Matrix form with $X\in\mathbb{R}^{n\times d}$, $p=\sigma(Xw{+}b\mathbf{1})$, $y\in\{0,1\}^n$:

$$
\mathcal{J}(w,b) = -\, y^\top \log p - (\mathbf{1}-y)^\top \log(\mathbf{1}-p),\quad
\nabla_w \mathcal{J} = X^\top (p - y),\; \partial \mathcal{J}/\partial b = \mathbf{1}^\top (p-y).
$$

> \[!tip\] link to softmax gradients
>
> For the multi‑class extension, gradients w\.r.t. logits reduce to $\text{softmax}(z)-\text{one\_hot}(y)$. See [[thoughts/optimization#softmax]] for Jacobian and stable log‑sum‑exp.

## Hessian and convexity

Let $S=\operatorname{diag}(p\odot (1-p))$. Then

$$
\nabla_w^2 \mathcal{J} = X^\top S X, \qquad \frac{\partial^2 \mathcal{J}}{\partial b^2} = \mathbf{1}^\top S\, \mathbf{1}, \qquad \frac{\partial^2 \mathcal{J}}{\partial w\, \partial b} = X^\top S\, \mathbf{1}.
$$

- $S \succeq 0 \Rightarrow$ $\mathcal{J}$ is convex in $(w,b)$; Newton or Fisher scoring (IRLS) apply.
- IRLS/Newton step (augmented design): $\Delta = (X^\top S X)^{-1} X^\top (y-p)$. In logistic regression, observed and expected information coincide, so Newton and Fisher scoring agree.

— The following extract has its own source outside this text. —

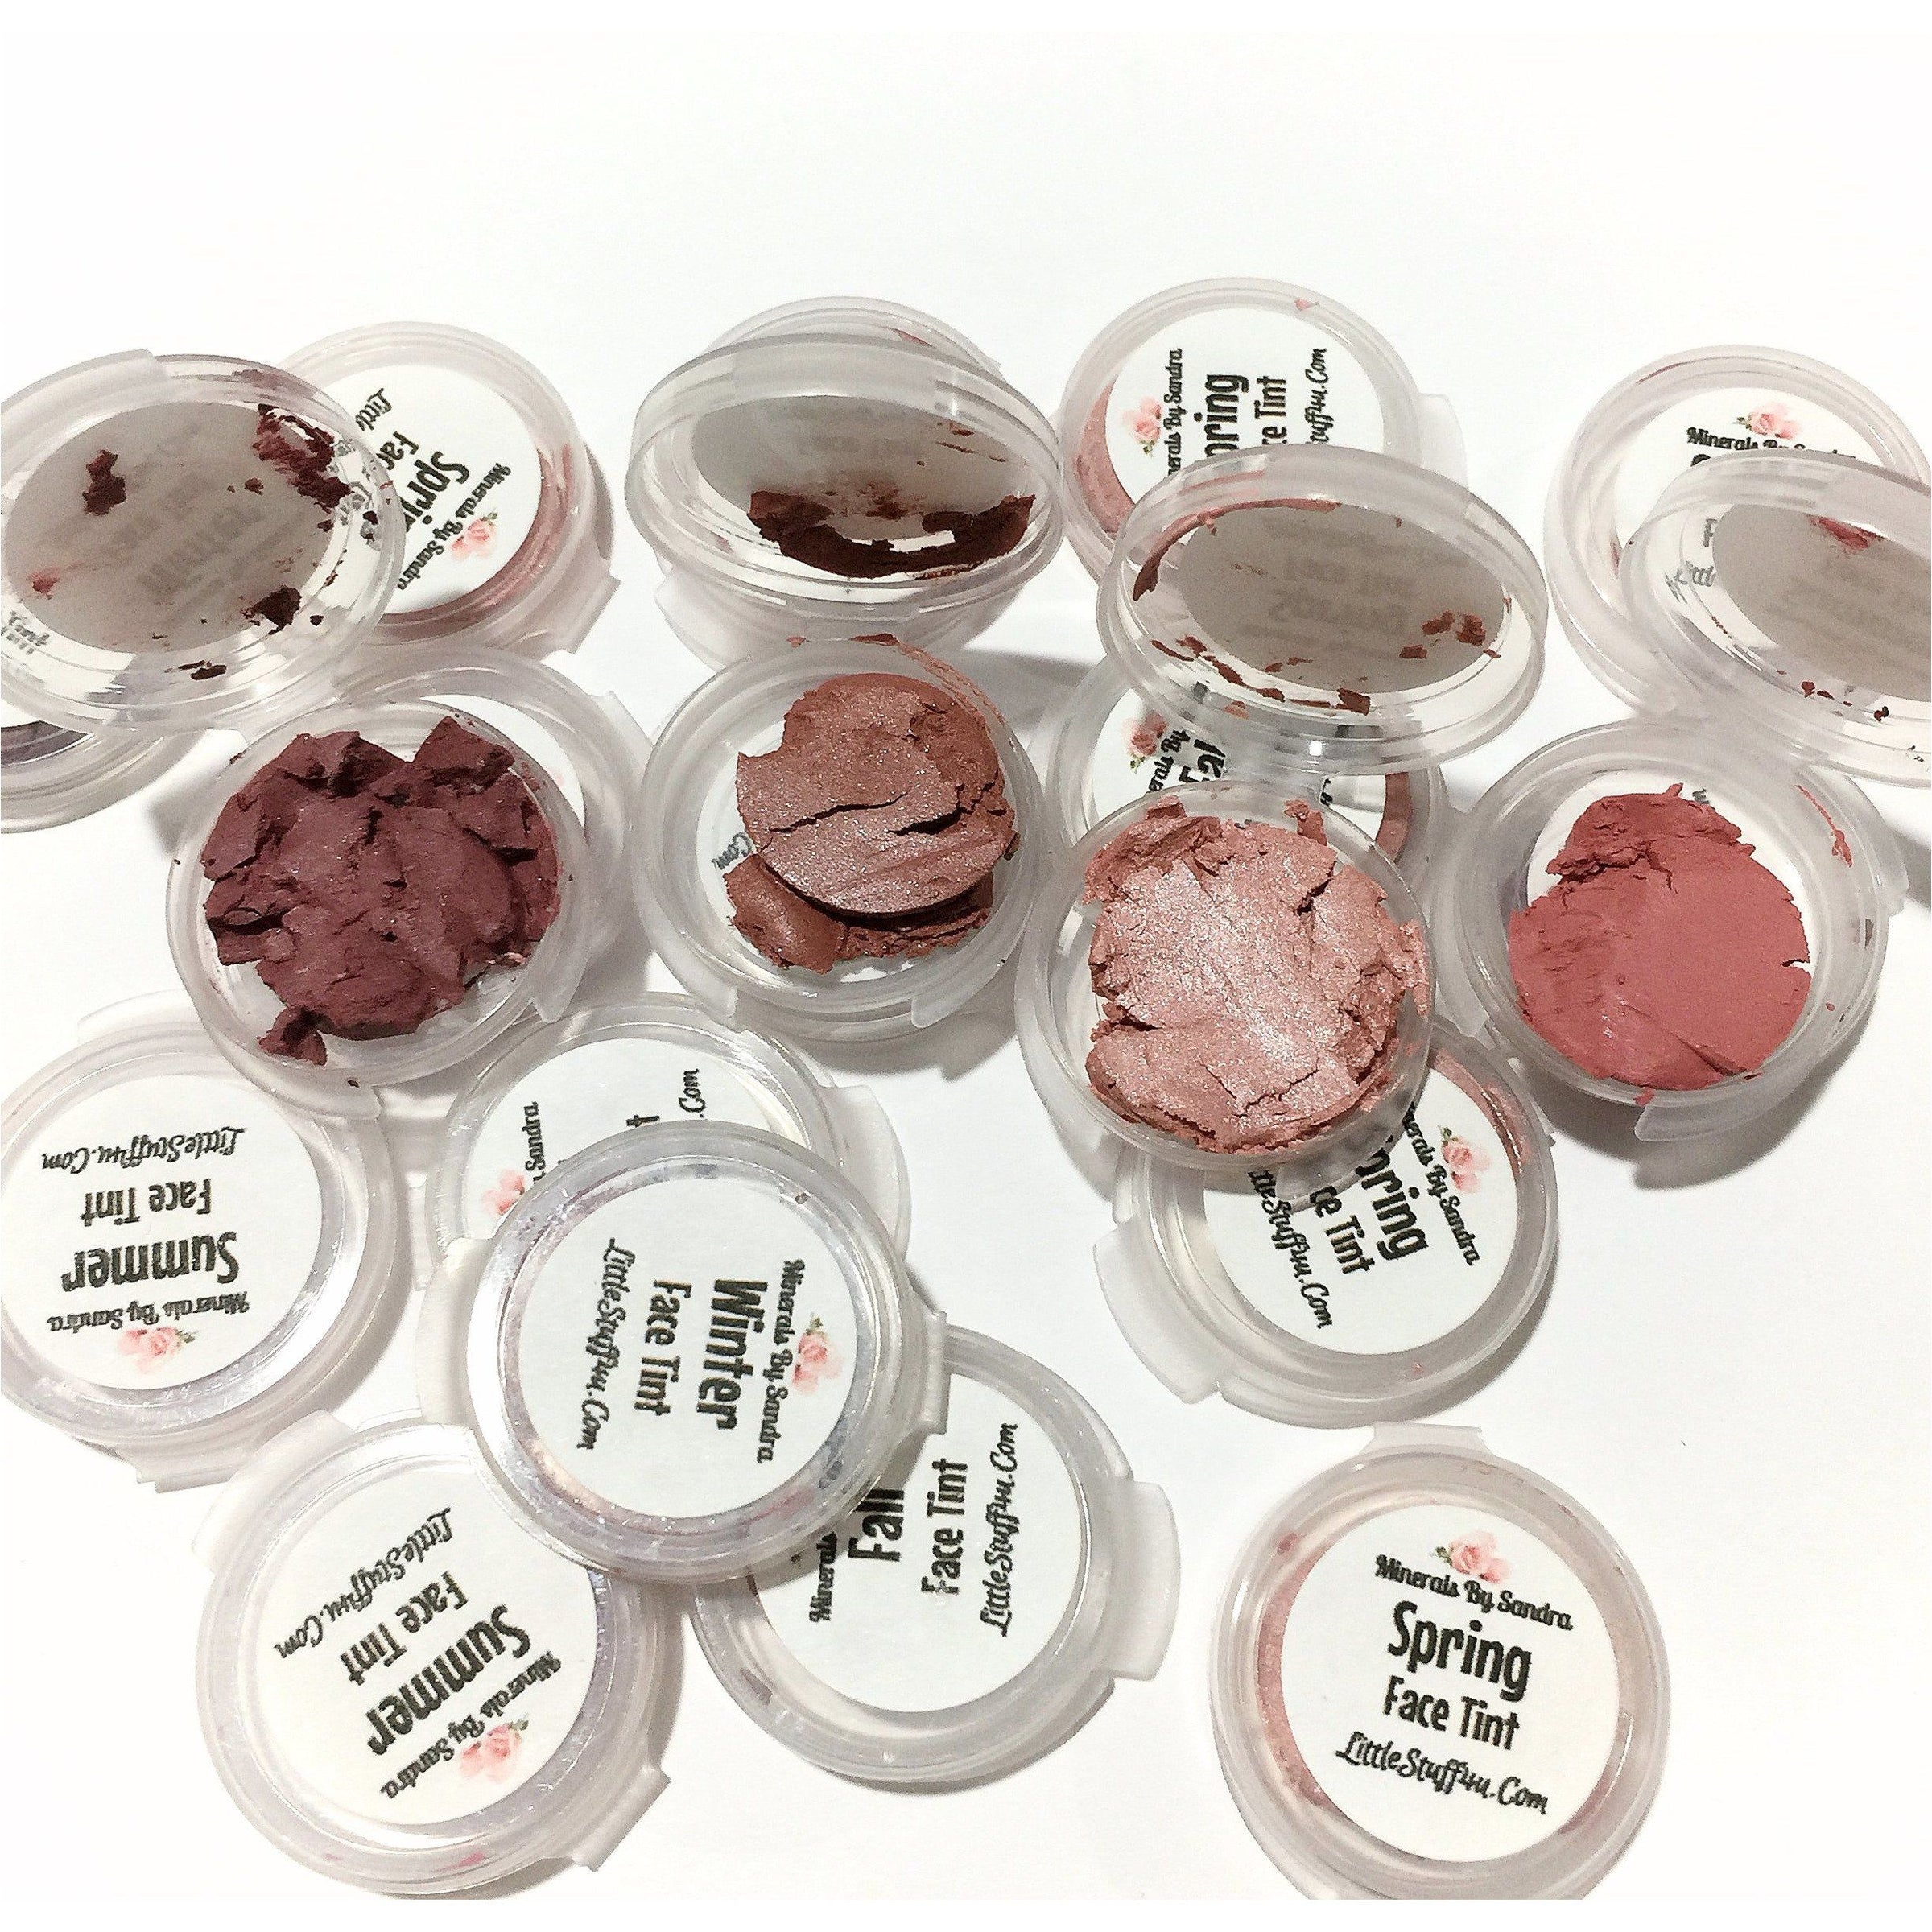 Organic Lip Cheek Tint Samples - LittleStuff4u Minerals
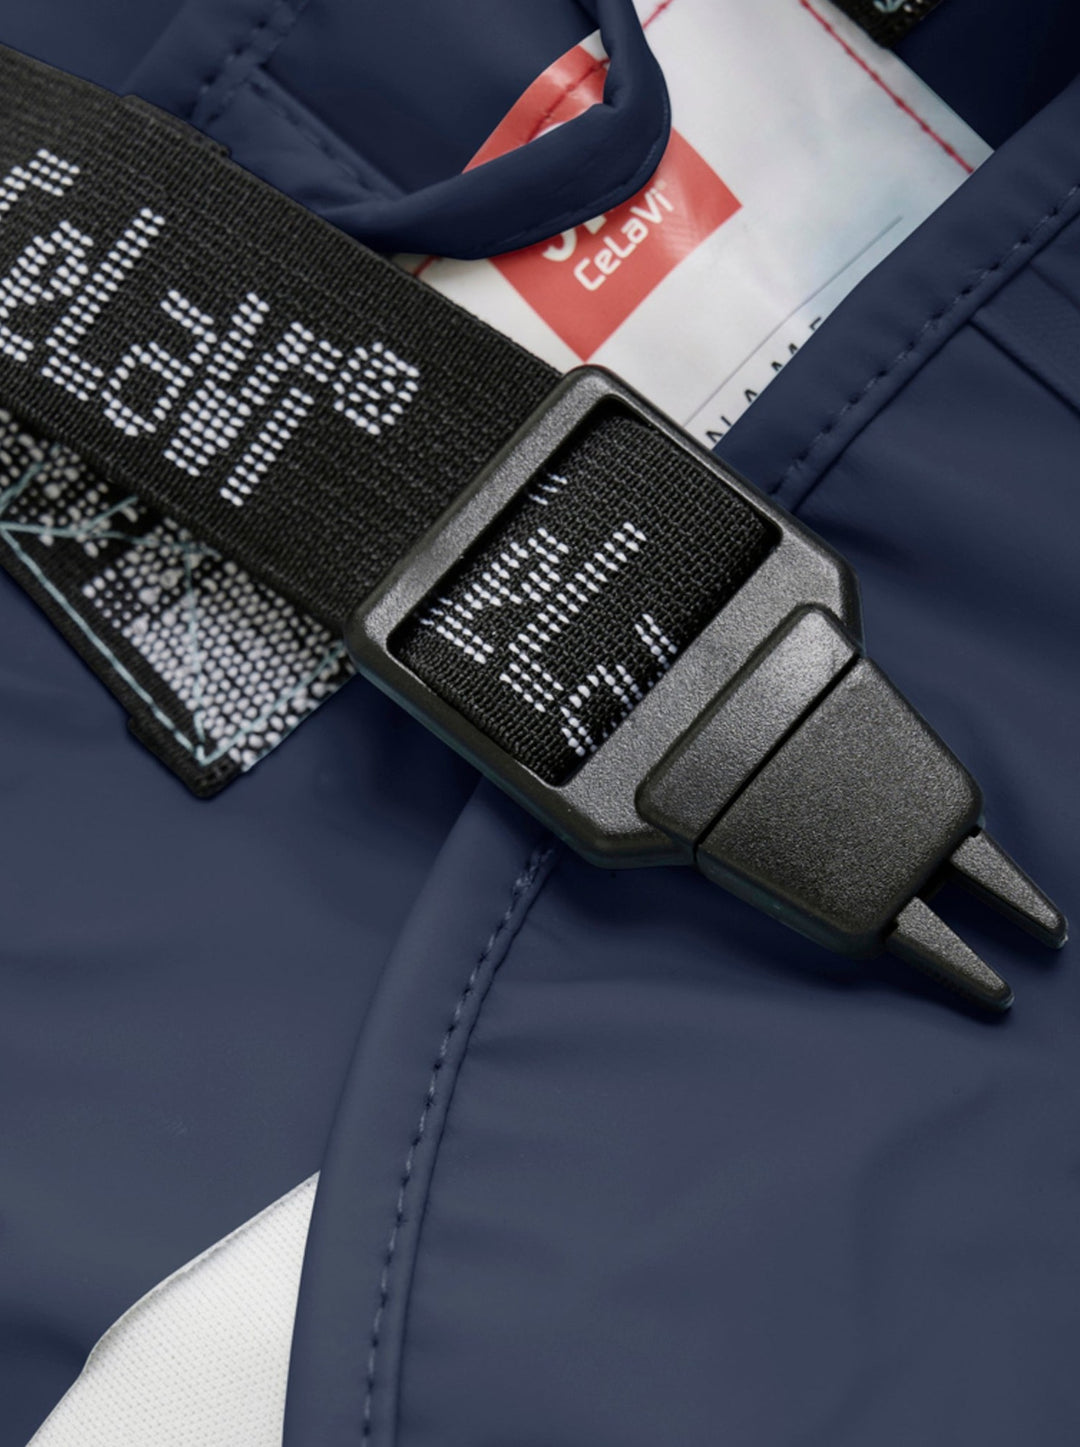 Celavi Spodnie przeciwdeszczowe dla dzieci kurtka przeciwdeszczowa dziecięca Dark Navy 100cm

## Regularization (MAP view)

- L2: add $\tfrac{\lambda}{2} \lVert w \rVert_2^2$ (Gaussian prior). Gradients become $\nabla_w \mathcal{J}_{\lambda}=X^\top(p-y)+\lambda w$.
- L1: add $\lambda \lVert w \rVert_1$ (Laplace prior). Use proximal/coordinate descent.

See [[thoughts/Maximum likelihood estimation#training statistical models (derivation sketch)|MLE training sketch]] and [[thoughts/regularization]].

## Multiclass (softmax) regression

For $C$ classes, logits $z=W^\top x + b$, $p=\text{softmax}(z)$. Minimize cross‑entropy $-\log p_{y}$. Gradients wrt logits: $\partial L/\partial z = p - \text{one\_hot}(y)$. See [[thoughts/optimization#softmax]].